Bölüm 62
Dürüst ve şeytani gruplar Yeşimtaşı Saf Tarikatı’na karşı birleşiyor muydu?
Han Jue’nun yüzünde tuhaf bir ifade vardı.
Kendini tutamayıp sordu: “Karma ile nasıl başa çıkıyorsunuz? İkna olmayan herkesi öldürerek mi?”
Li Qingzi hemen sinirlendi ve azarladı, “Şu köpekler. Şahsen özür dilemeye gittim ama doğrudan bana saldırdılar. Çoğu zaman konuşma şansım bile olmadı. Şeytani yola düşen çekirdek öğrenciyi tanıyor gibisiniz. Adı Mo Fuchou. Şeytani yola kendi isteğiyle düşmedi. Birinin ona iftira attığından şüpheleniyorum.”
Han Jue kaşlarını kaldırdı ve “Bana bundan biraz daha bahset.” dedi.
Li Qingzi yaşadığı çileyi anlatmaya başladı.
İlk olarak Mo Fuchou’nun kökenlerinden bahsetti.
Mo Fuchou xiulian uygulayan bir aileden geliyordu. Şeytani xiulian uygulayıcıları ile işbirliği yaptıklarına dair kanıtlar nedeniyle, erdemli tarikatlar tarafından yok edildiler. Sadece Mo Fuchou ve Mo Zhu hayatta kaldı.
Yaşlı Ölümsüz Daoist Thunder, Mo Fuchou’yu şahsen öğrencisi olarak kabul etmiş ve ona yeni bir isim vermişti. Mo Fuchou, Yaşlı Ölümsüz Daocu Gök Gürültüsü’nün nefretini unutması ve yeni bir sayfa açması umuduyla ona bizzat verdiği bir isimdi.
Mo Fuchou eğitim için dışarı çıkmış ve eski düşmanlarıyla karşılaşmıştı. Tarikatın pek çok öğrencisini öldürmüş ve ardından suçu işleyen doğru tarikatların diğer öğrencilerine saldırmıştı.
Li Qingzi bu meselede bir bit yeniği olduğunu hissetti. Ne de olsa Mo Fuchou’yu daha önce görmüştü. Alçakgönüllüydü ve düşmanı öldürmekten kendini alıkoyamasa bile, ilk seferden sonra geri dönmeliydi. İntikam peşinde koşmamalı ve çıldırmamalıydı.

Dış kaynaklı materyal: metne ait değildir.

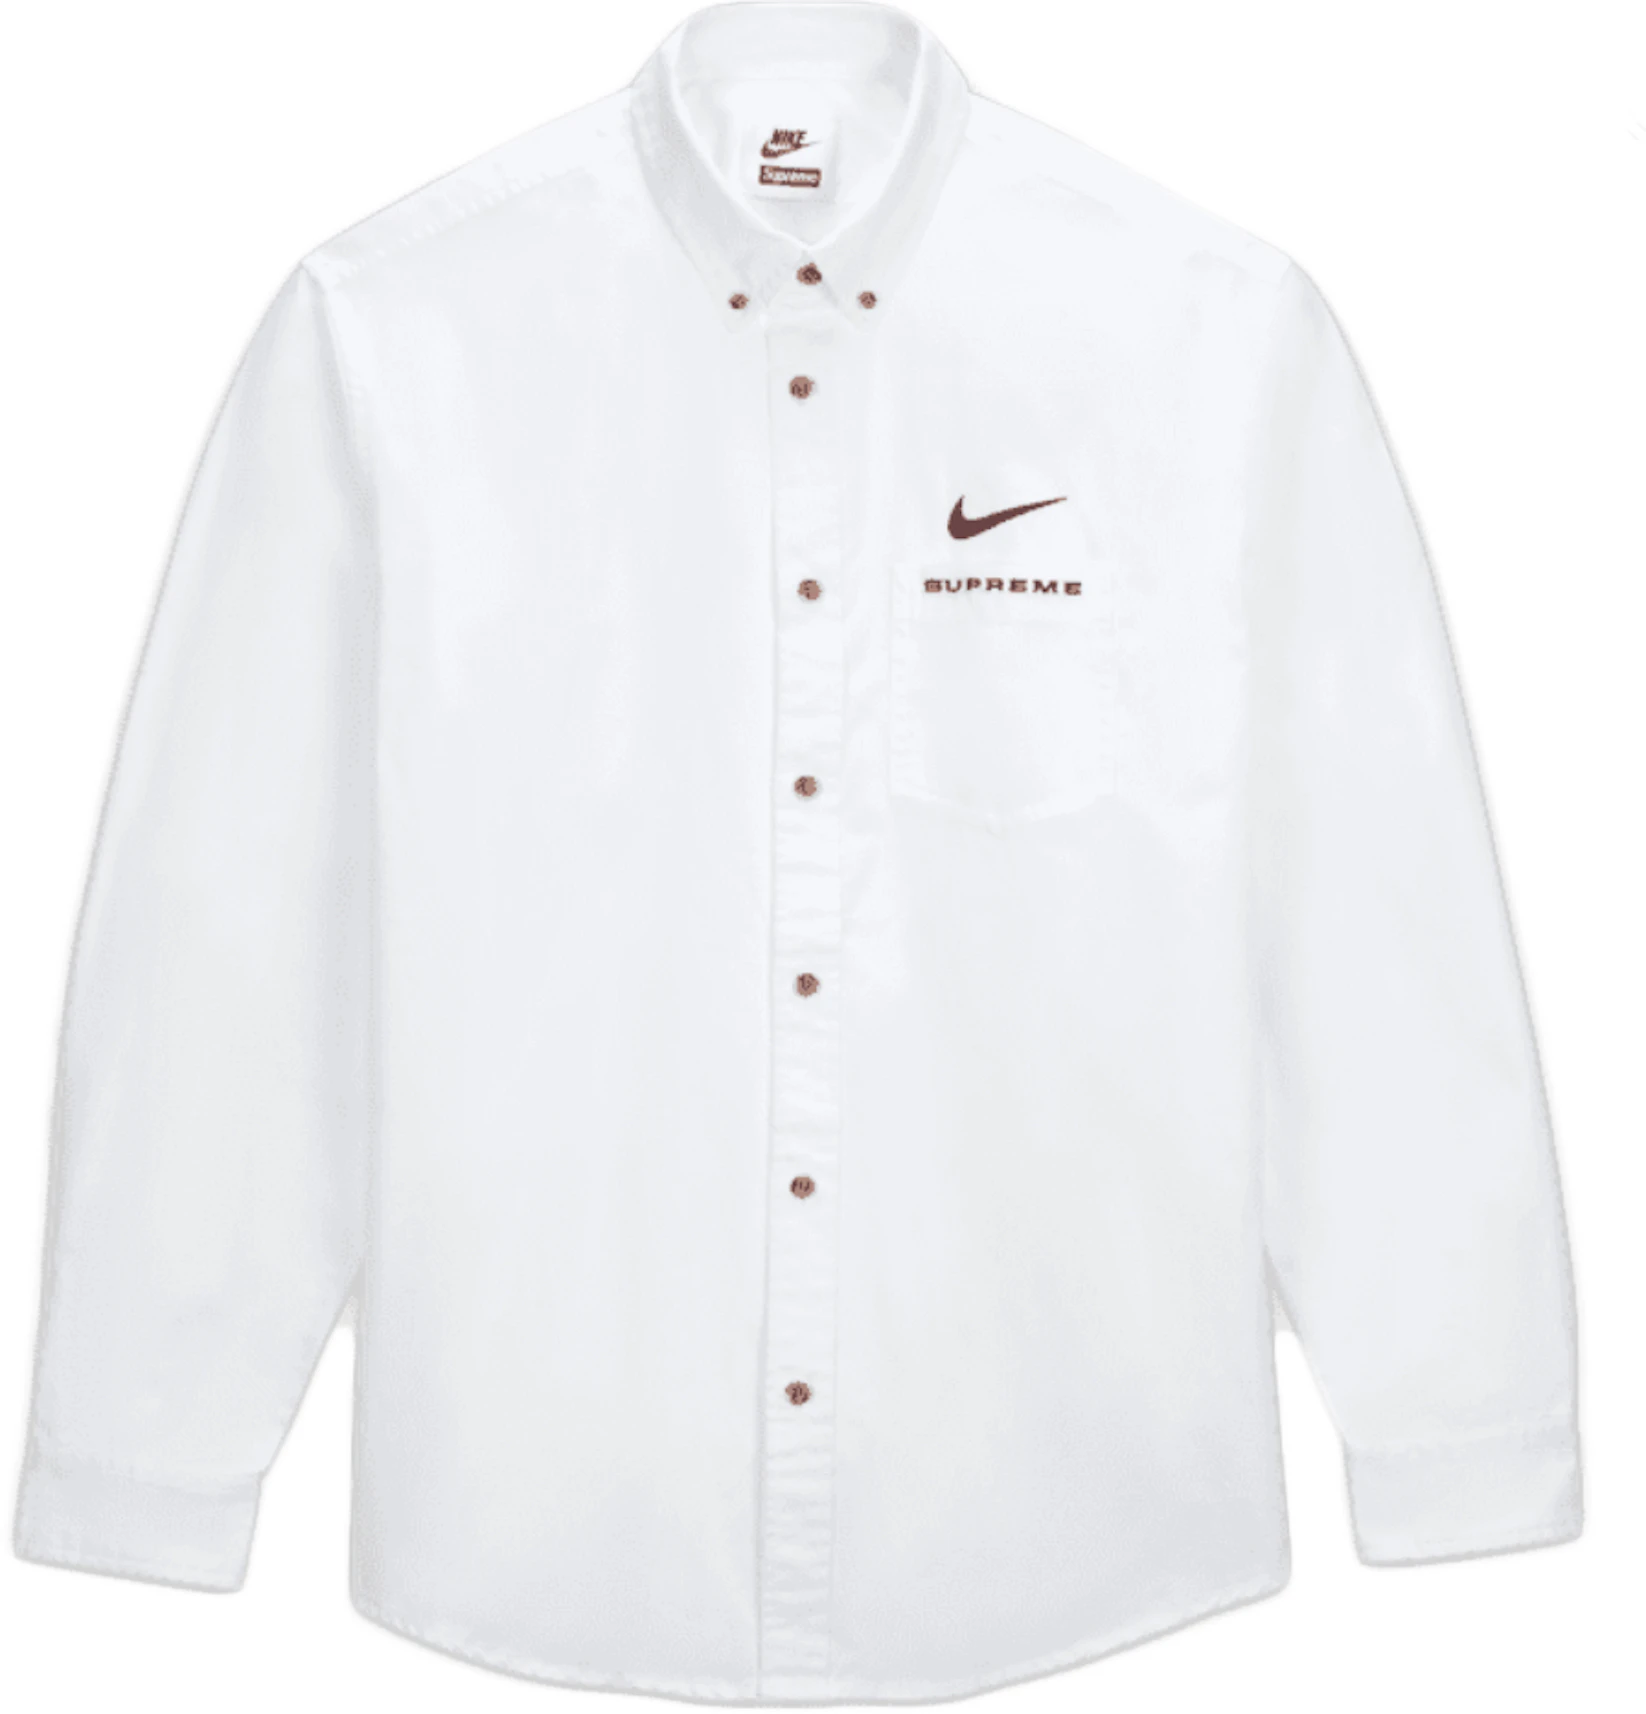 Supreme®/Nike® Cotton Twill Shirt | labiela.com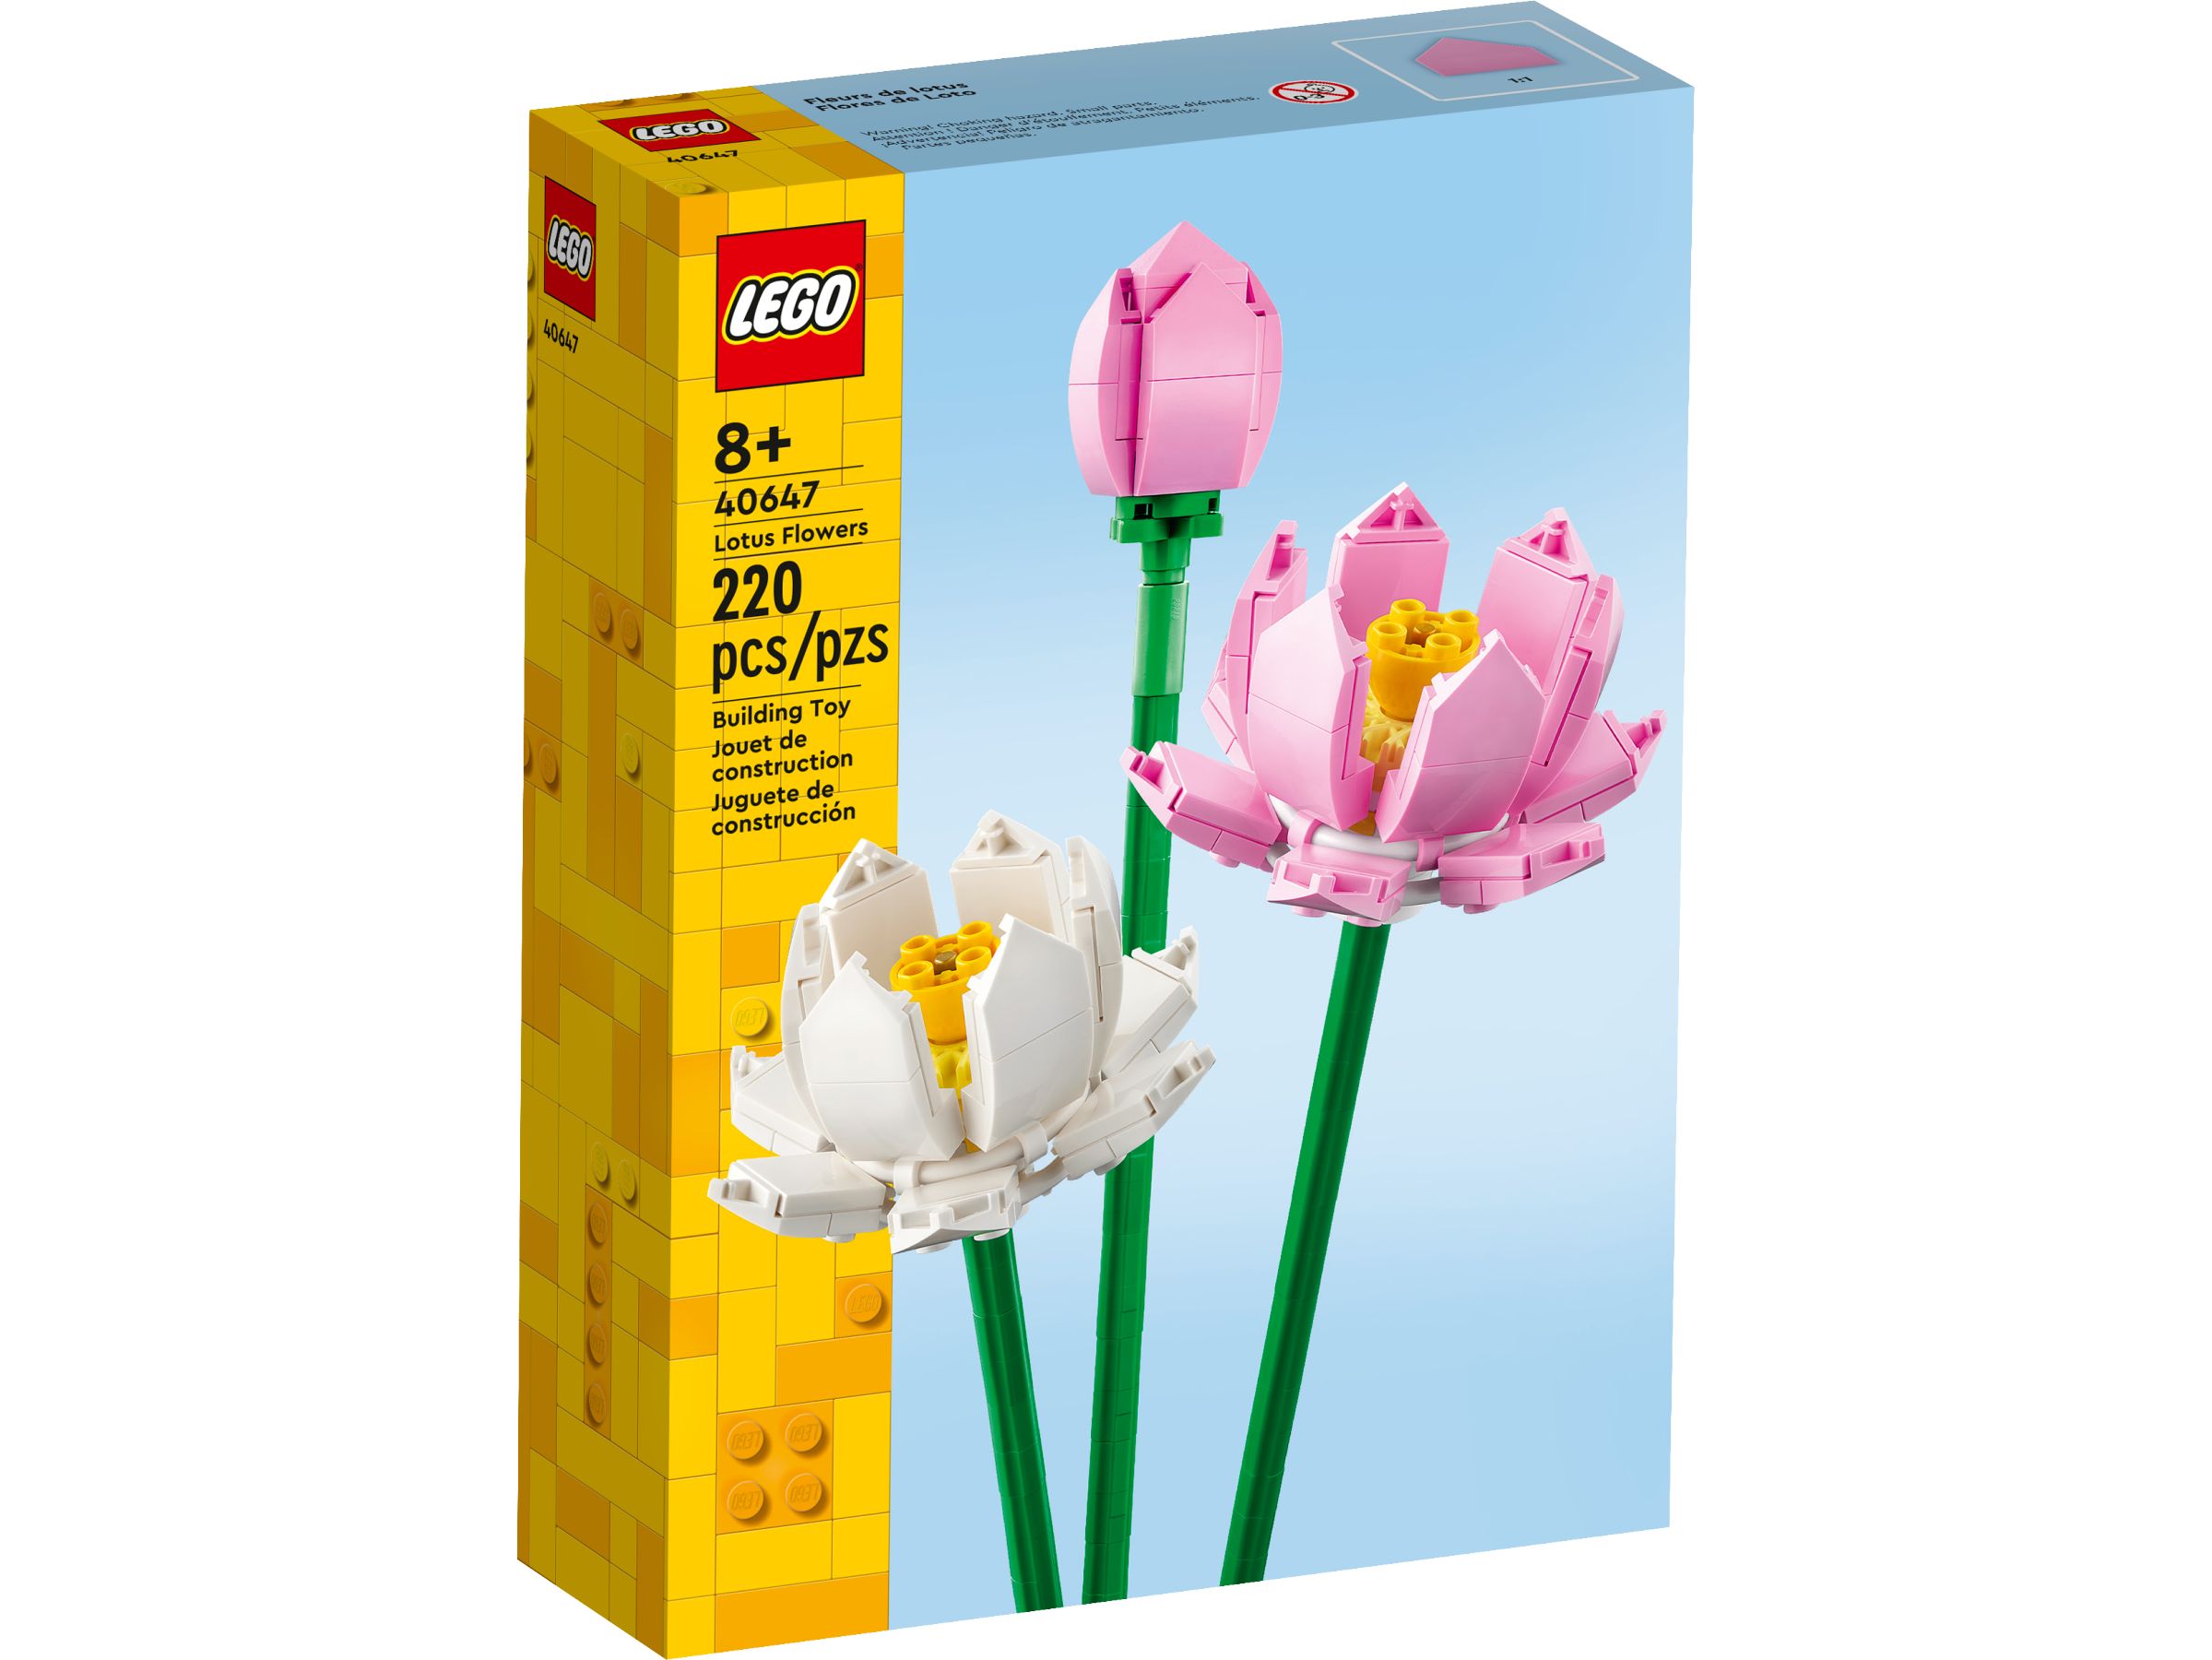 LEGO Miscellaneous 40647 Lotusblumen LEGO_40647_alt1.jpg

Şimdi, beşten fazla tarikat Mo Fuchou’nun peşindeydi. Birkaç yıl önce Mo Fuchou’nun ailesinin Mistik Gücünü kullanmaktan başka çaresi yoktu. Sonunda, bu şeytani bir yol olan Mistik Güç, onun bir şeytana dönüşmesine neden oldu.
Giderek daha fazla insan bu Mistik Güç tarafından öldürüldü. Mo Fuchou şeytani bir uygulayıcı oldu ve artık geri dönemezdi.
“Bu mesele çok şüpheli. Bu tarikatlar bana sormadılar bile ve intikam almak için doğrudan Mo Fuchou’nun peşine düştüler. Her adaletsizliğin bir faili ve her borcun bir borçlusu vardır. Bunu kabul edebilirim. Ama özür dilemeye gittiğimde dayak mı yedim?
“Genç neslin meseleleri Tarikat Ustalarını ilgilendirebilir mi? Belli ki bu fırsatı savaş başlatmak için kullanıyorlar!”
Li Qingzi konuştukça daha da tedirgin oluyordu. Ağlamak üzere olduğunu hissetti.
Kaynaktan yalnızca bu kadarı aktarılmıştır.